Enzymes that use the cofactor thiamin diphosphate (ThDP, 1), the biologically active form of vitamin B(1), are involved in numerous metabolic pathways in all organisms. Although a theory of the cofactor's underlying reaction mechanism has been established over the last five decades, the three-dimensional structures of most major reaction intermediates of ThDP enzymes have remained elusive. Here, we report the X-ray structures of key intermediates in the oxidative decarboxylation of pyruvate, a central reaction in carbon metabolism catalyzed by the ThDP- and flavin-dependent enzyme pyruvate oxidase (POX)3 from Lactobacillus plantarum. The structures of 2-lactyl-ThDP (LThDP, 2) and its stable phosphonate analog, of 2-hydroxyethyl-ThDP (HEThDP, 3) enamine and of 2-acetyl-ThDP (AcThDP, 4; all shown bound to the enzyme's active site) provide profound insights into the chemical mechanisms and the stereochemical course of thiamin catalysis. These snapshots also suggest a mechanism for a phosphate-linked acyl transfer coupled to electron transfer in a radical reaction of pyruvate oxidase.

Radical phosphate transfer mechanism for the thiamin diphosphate- and FAD-dependent pyruvate oxidase from Lactobacillus plantarum. Kinetic coupling of intercofactor electron transfer with phosphate transfer to acetyl-thiamin diphosphate via a transient FAD semiquinone/hydroxyethyl-ThDP radical pair.

The thiamin diphosphate (ThDP)- and flavin adenine dinucleotide (FAD)-dependent pyruvate oxidase from Lactobacillus plantarum catalyses the conversion of pyruvate, inorganic phosphate, and oxygen to acetyl-phosphate, carbon dioxide, and hydrogen peroxide. Central to the catalytic sequence, two reducing equivalents are transferred from the resonant carbanion/enamine forms of alpha-hydroxyethyl-ThDP to the adjacent flavin cofactor over a distance of approximately 7 A, followed by the phosphorolysis of the thereby formed acetyl-ThDP. Pre-steady-state and steady-state kinetics using time-resolved spectroscopy and a 1H NMR-based intermediate analysis indicate that both processes are kinetically coupled.

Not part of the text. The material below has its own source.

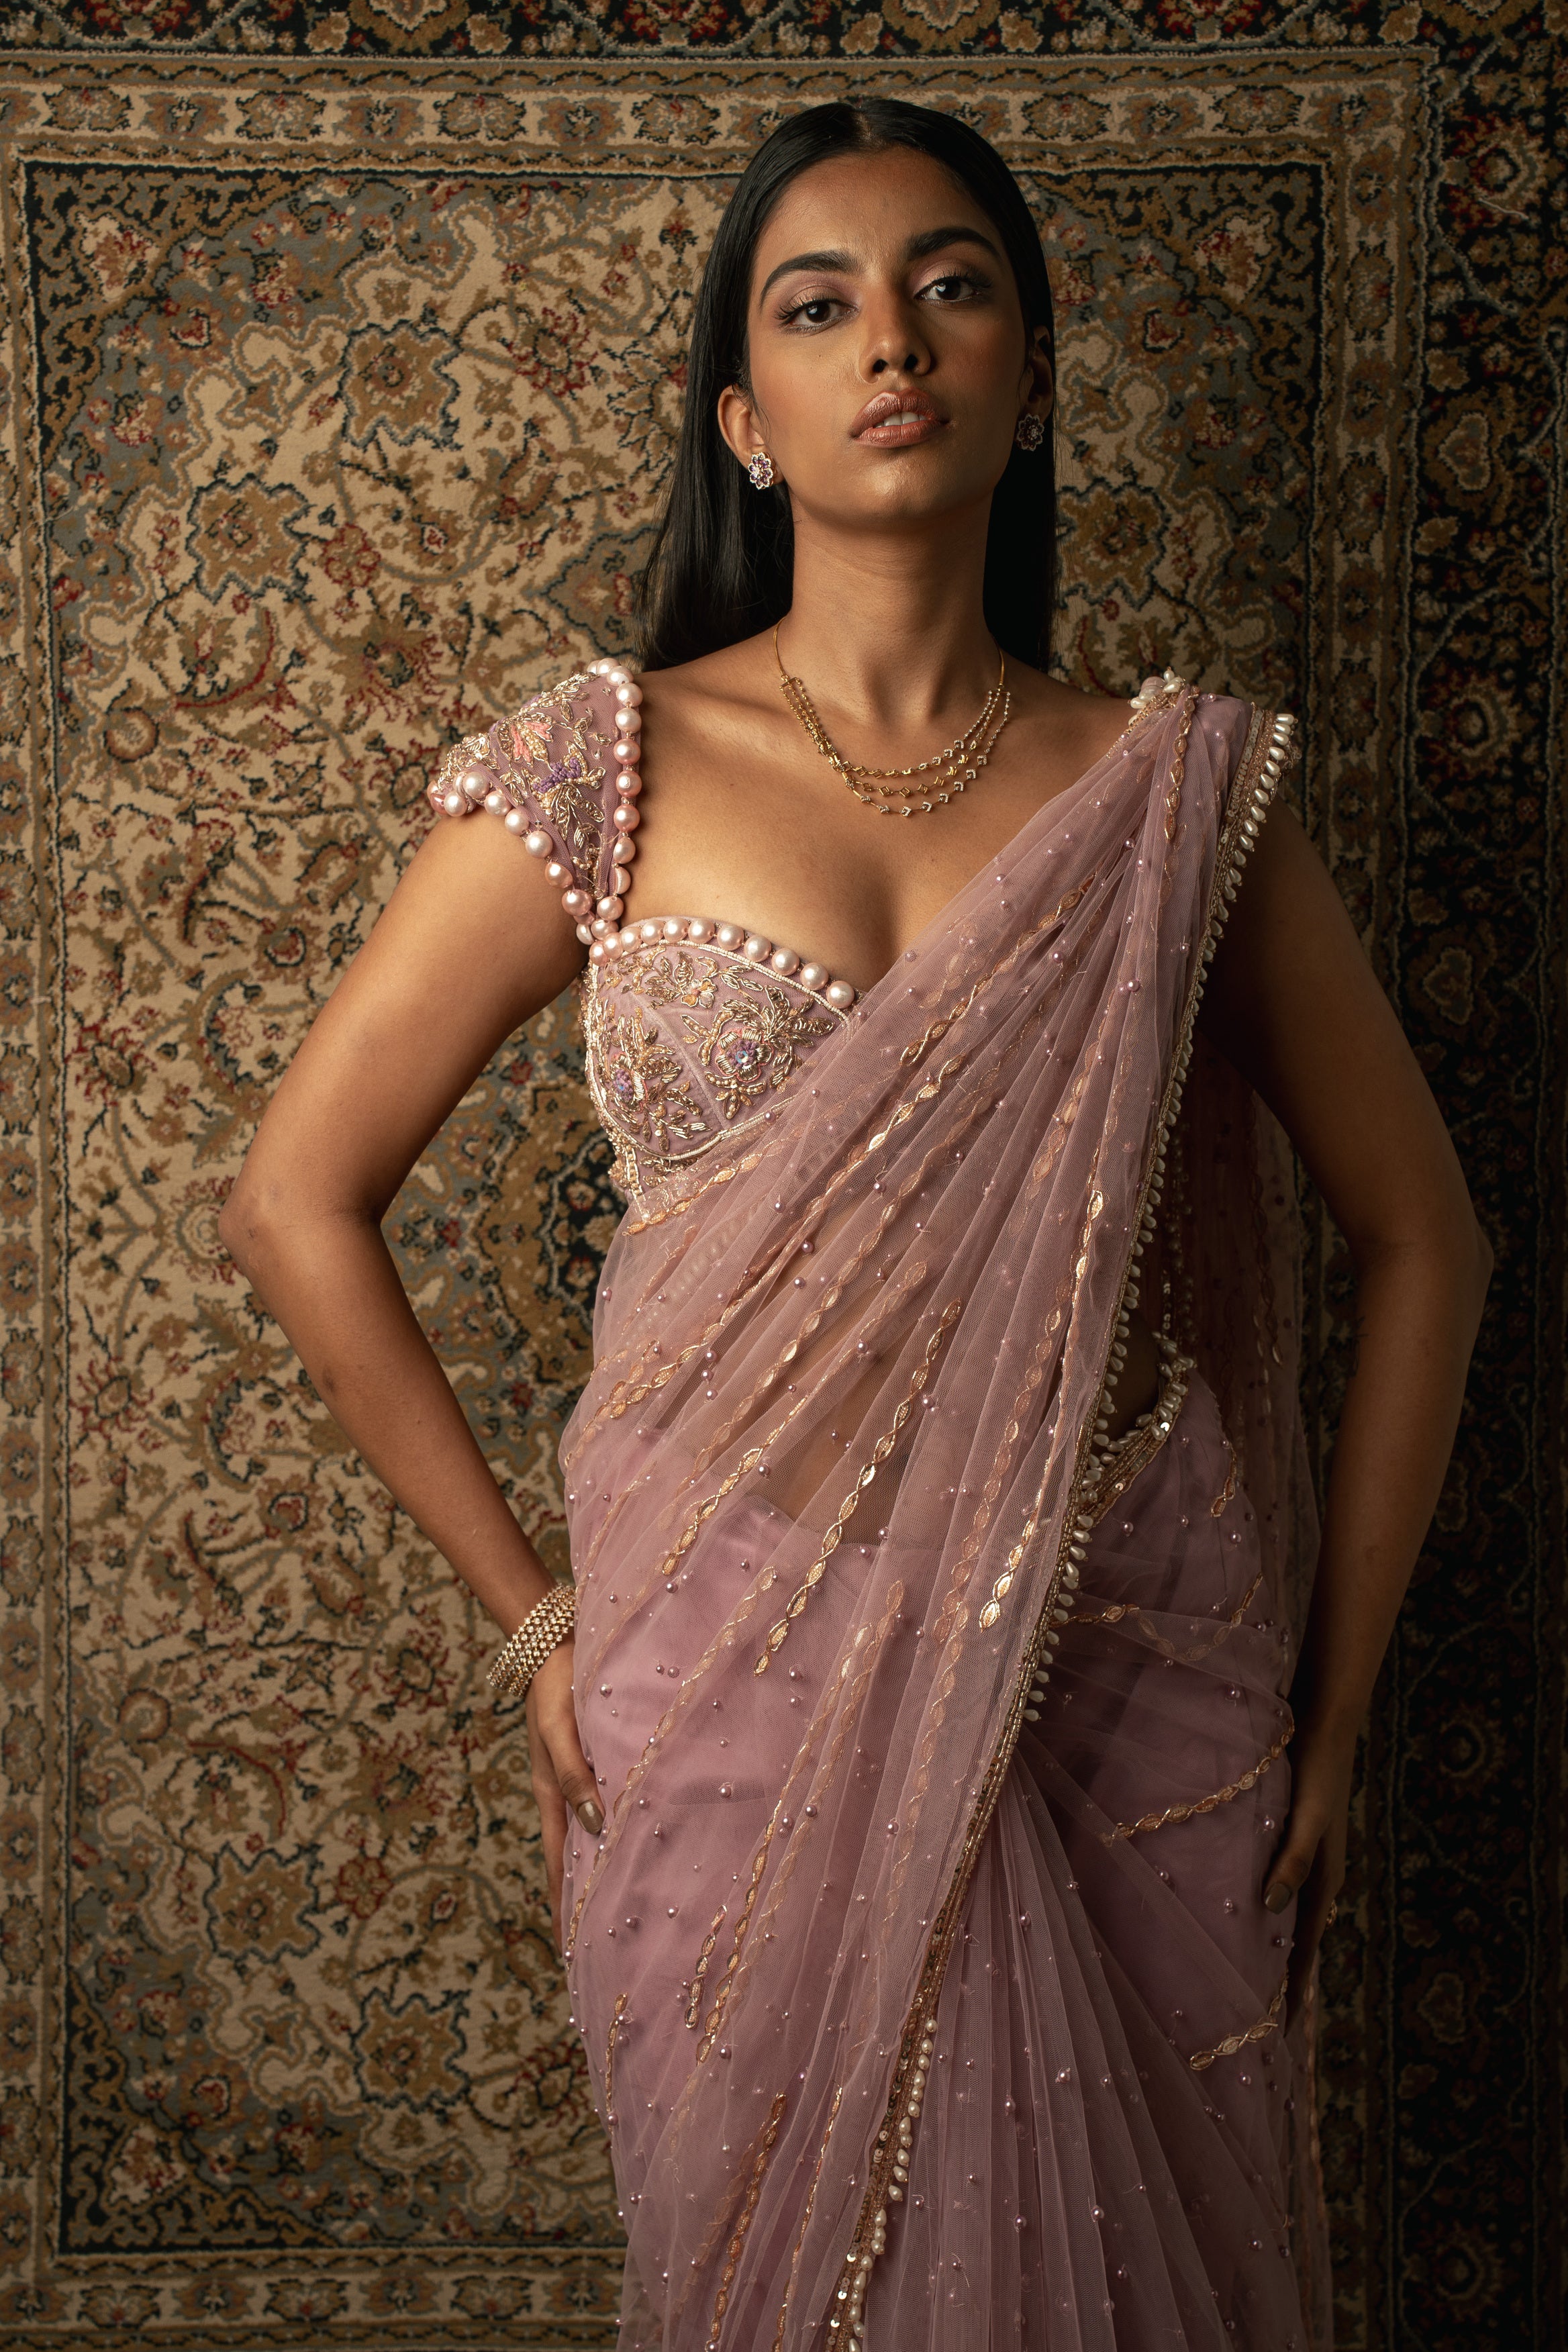 Indulge in luxury: Lilac Net Saree adorned with a Velvet and Net blouse, a mesmerizing ensemble for the modern woman.

In the presence of phosphate, intercofactor electron-transfer (ET) proceeds with an apparent first-order rate constant of 78 s(-1) and is kinetically gated by the preceding formation of the tetrahedral substrate-ThDP adduct 2-lactyl-ThDP and its decarboxylation. No transient flavin radicals are detectable in the reductive half-reaction. In contrast, when phosphate is absent, ET occurs in two discrete steps with apparent rate constants of 81 and 3 s(-1) and transient formation of a flavin semiquinone/hydroxyethyl-ThDP radical pair. Temperature dependence analysis according to the Marcus theory identifies the second step, the slow radical decay to be a true ET reaction. The redox potentials of the FAD(ox)/FAD(sq) (E1 = -37 mV) and FAD(sq)/FAD(red) (E2 = -87 mV) redox couples in the absence and presence of phosphate are identical. Both the Marcus analysis and fluorescence resonance energy-transfer studies using the fluorescent N3'-pyridyl-ThDP indicate the same cofactor distance in the presence or absence of phosphate. We deduce that the exclusive 10(2)-10(3)-fold rate enhancement of the second ET step is rather due to the nucleophilic attack of phosphate on the kinetically stabilized hydroxyethyl-ThDP radical resulting in a low-potential anion radical adduct than phosphate in a docking site being part of a through-bonded ET pathway in a stepwise mechanism of ET and phosphorolysis. Thus, LpPOX would constitute the first example of a radical-based phosphorolysis mechanism in biochemistry.